На одном этаже с нами, в угловой комнате, поселился подполковник Иван Иваныч, всегда в галифе, майке с подтяжками, потный и лысый. Завидев меня на кухне, манил пальцем к себе. Там, в комнате у окна, стоял огромный сундук, полный карамели, его трофей, вывезенный из Германии. Наверное, было что-нибудь и более значимое, но не для меня. Он снимал с моей головы феску (тогда они были обычным детским головным убором), насыпал в неё до краев карамели и тихо шептал:

– Беги к себе.

Я, счастливый, мчался в комнату:

– Мама, смотpи, что мне Иван Иваныч дал!

Мать комментировала загадочно и непонятно:

– Детей бы им, а так и богатство – пустяк.

Кончилась война, стали возвращаться демобилизованные мужья и отцы. Наш – не вернулся. И потому от командования воинской части пришло предписание освободить занимаемую жилплощадь. У нас долго хранилась узенькая полоска папиросной бумаги с синим почему-то шрифтом (вероятно, от синей копирки). Помню только, что командир части – Герой Советского Союза.
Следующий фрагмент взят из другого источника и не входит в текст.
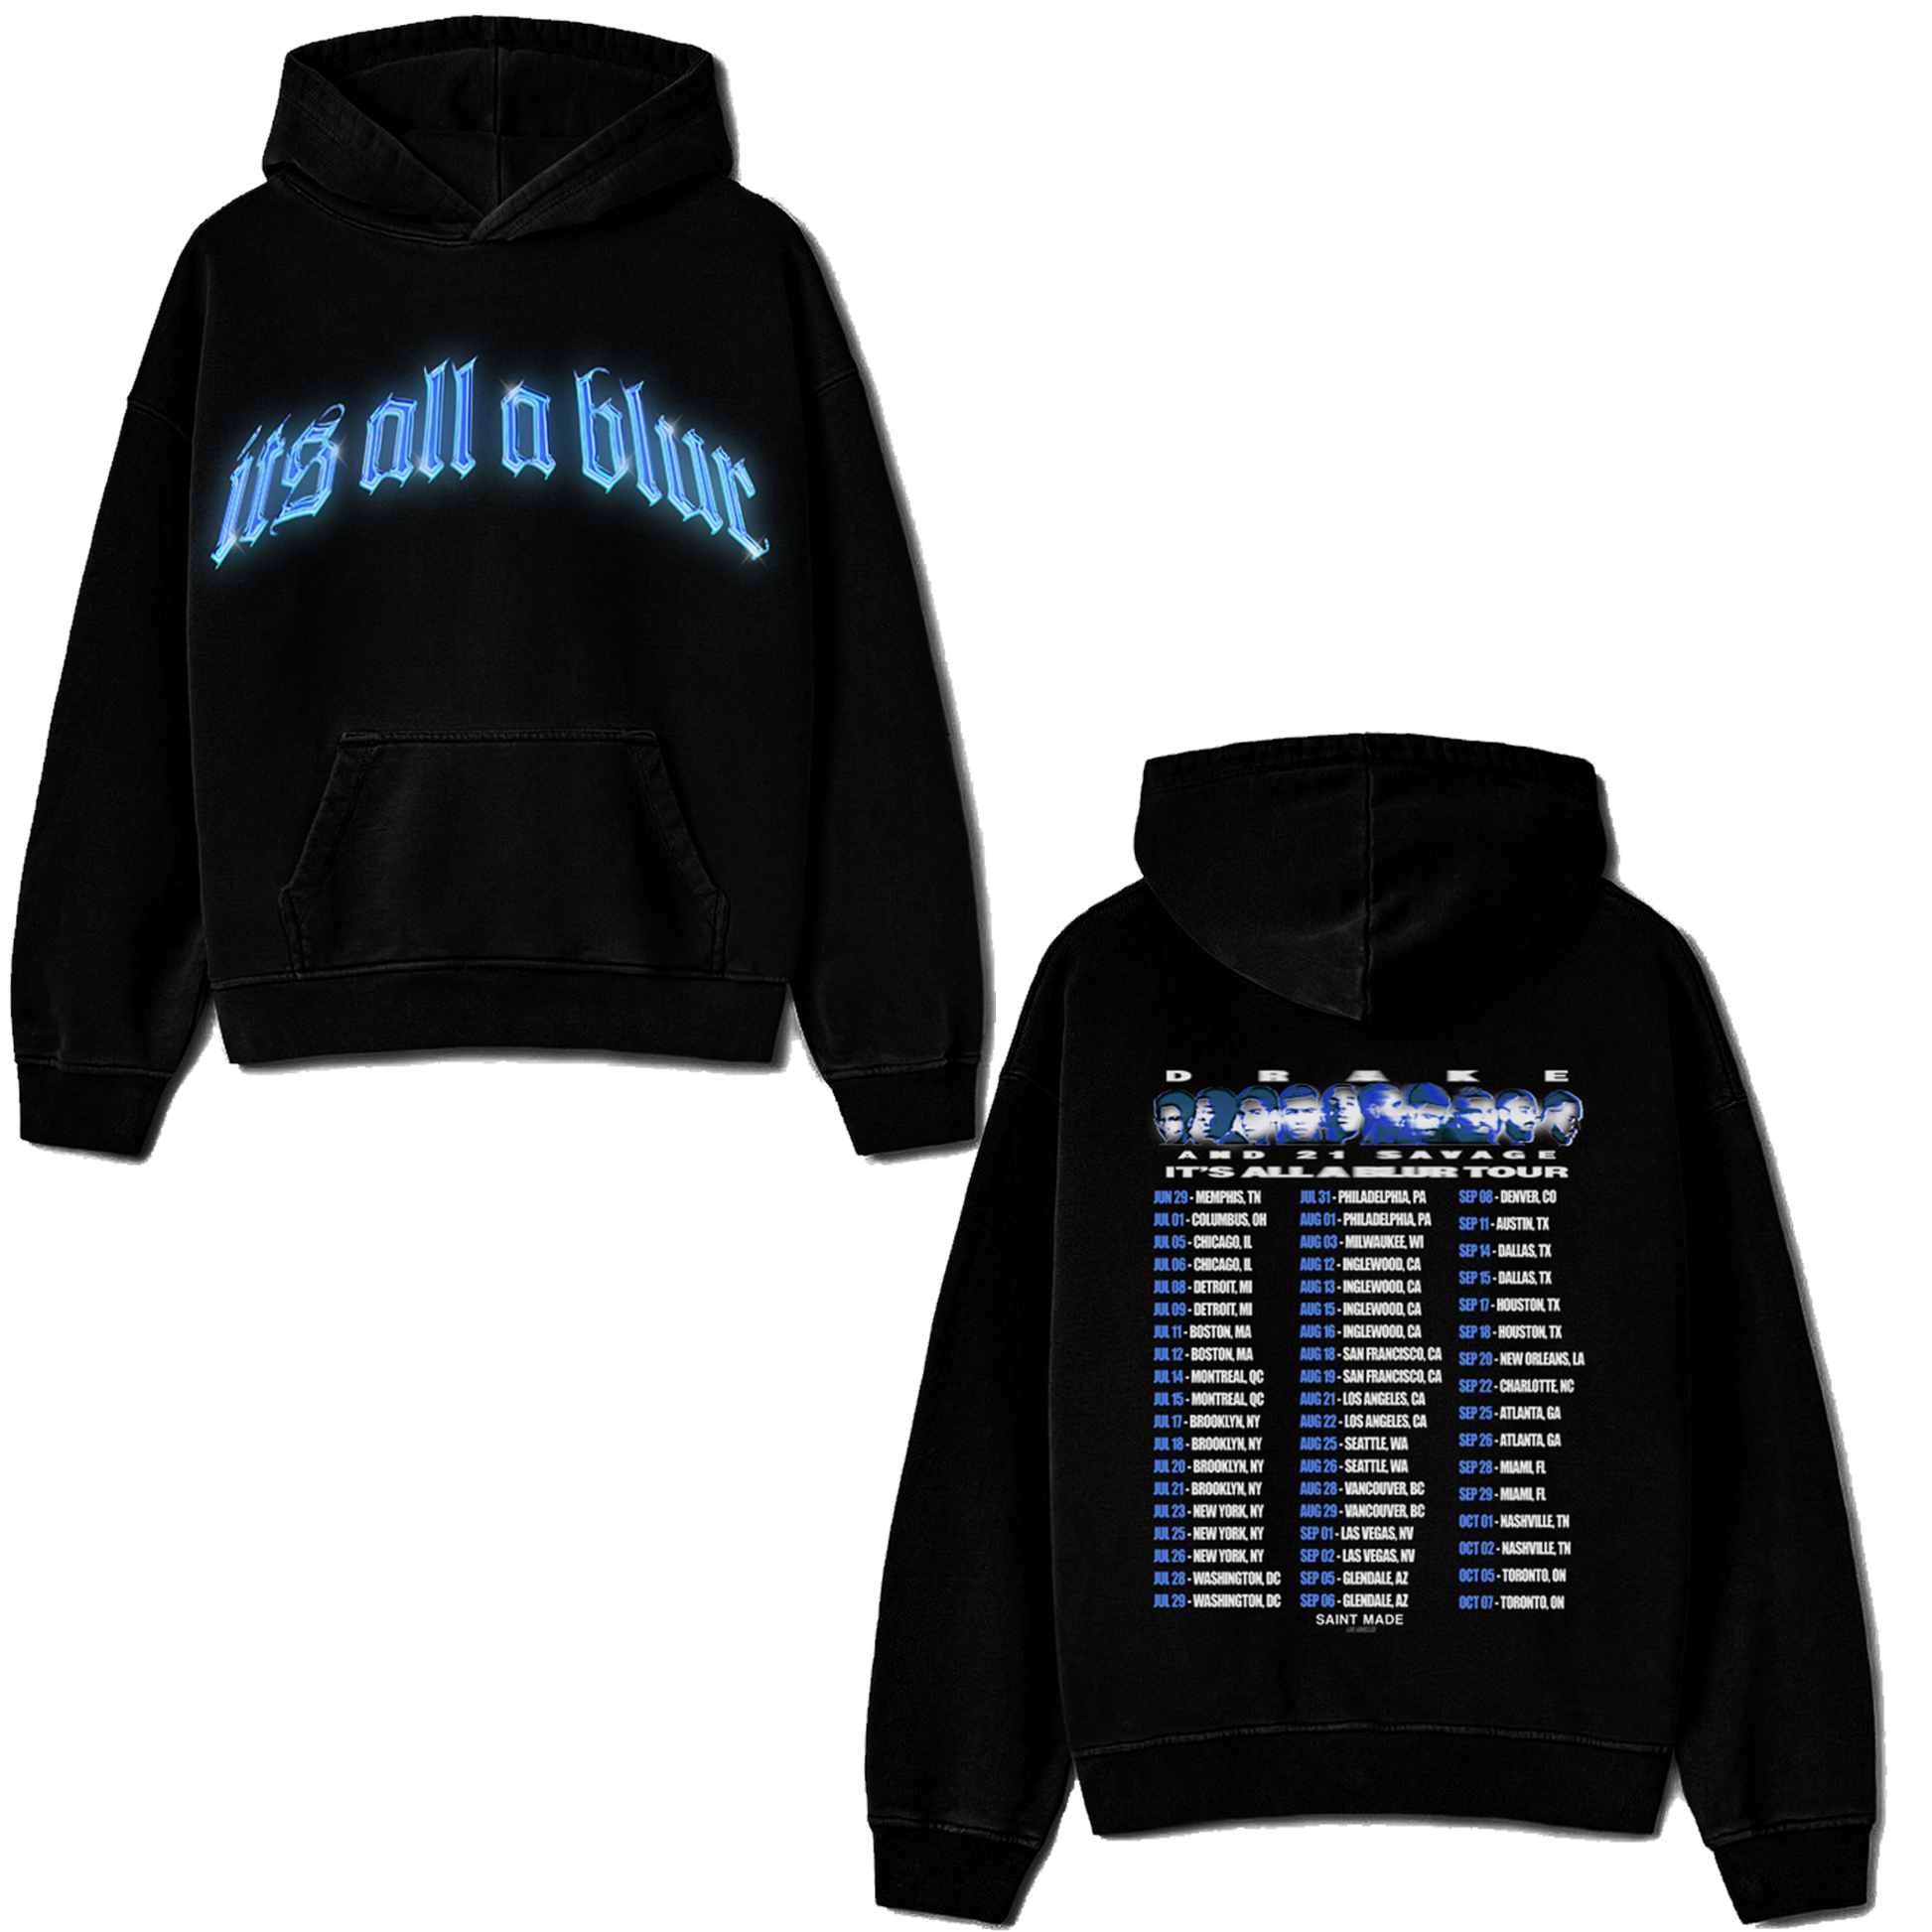 drake it's all a blur tour merch hoodie

Вот этот герой и решил за нас всю нашу будущую жизнь.

Мать засобиралась на родину, да так круто, что оставила в Муроме почти все документы, письма и фотографии. Их, довоенных и военных, всего несколько в моем альбоме. Я смотрю и вижу, какая она все же была красивая и гордая, но всегда чуточку грустная. Улыбается только на одной фотографии, да и то нельзя отделаться от ощущения, что улыбка – по команде фотографа.
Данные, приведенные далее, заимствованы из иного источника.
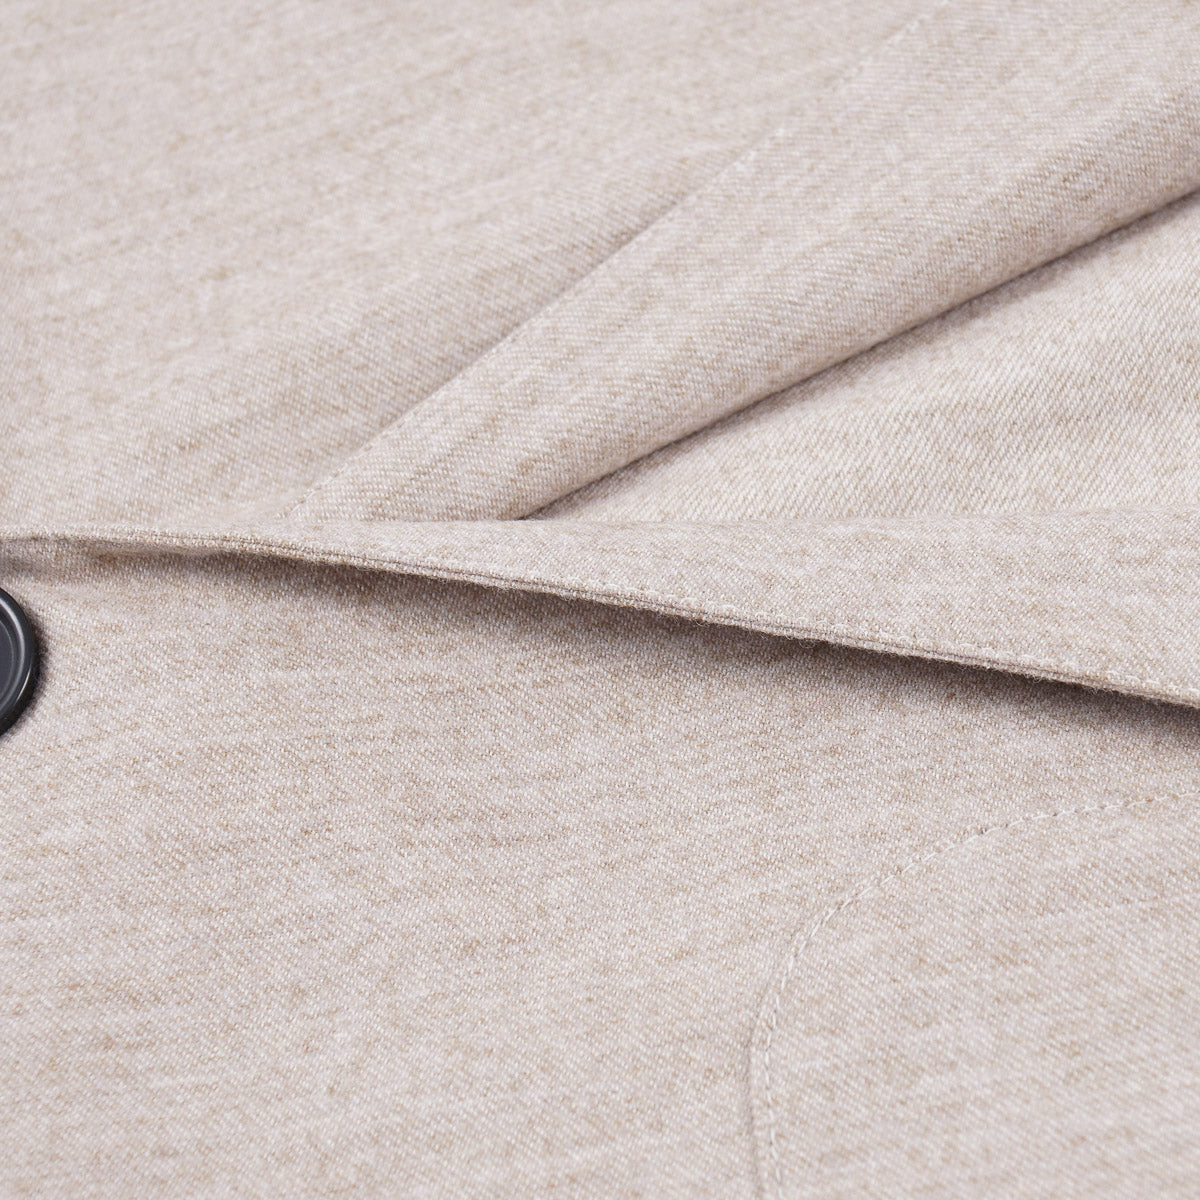 Finamore Unlined Lightweight Flannel Sport Coat - Top Shelf Apparel

Послевоенная железная дорога – нечто, не поддающееся описанию, и нынешнему поколению представить её невозможно. Сорок восьмой год. Это и демобилизованные воины, добиравшиеся туда, откуда призывались. И толпы гражданских, наконец-то получивших возможность выехать, лишенные её четыре военных года. И изувеченные калеки: кто без рук, кто без ног, кто без глаз. И масса снующих беспризорников. И, конечно же, всевозможное жулье. Смутно помнятся переполненные вокзалы, страх потеряться в той толчее, руки матери, тащившие огромный фанерный чемодан, больше похожий на сундук, в одной руке, и меня, держащегося за другую. Руки от усталости часто менялись. Отходя, по нужде, она сажала меня на тот фанерный чемодан. И я сидел на нем, боясь быть сбитым и затоптанным снующей туда-сюда толпой.

Так распрощался я с городом моего детства, но никогда не забывал его.


Святой Илия и святая Иулиания


Семилетним меня увезли из Мурома, а вернулся глубоким пенсионером, хотя всю жизнь мечтал побывать в своем детстве. Мечта осуществилась, когда мы супругой Мариной предприняли путешествие по Волге, Оке и Каме на небольшом уютном теплоходе «Сергей Образцов».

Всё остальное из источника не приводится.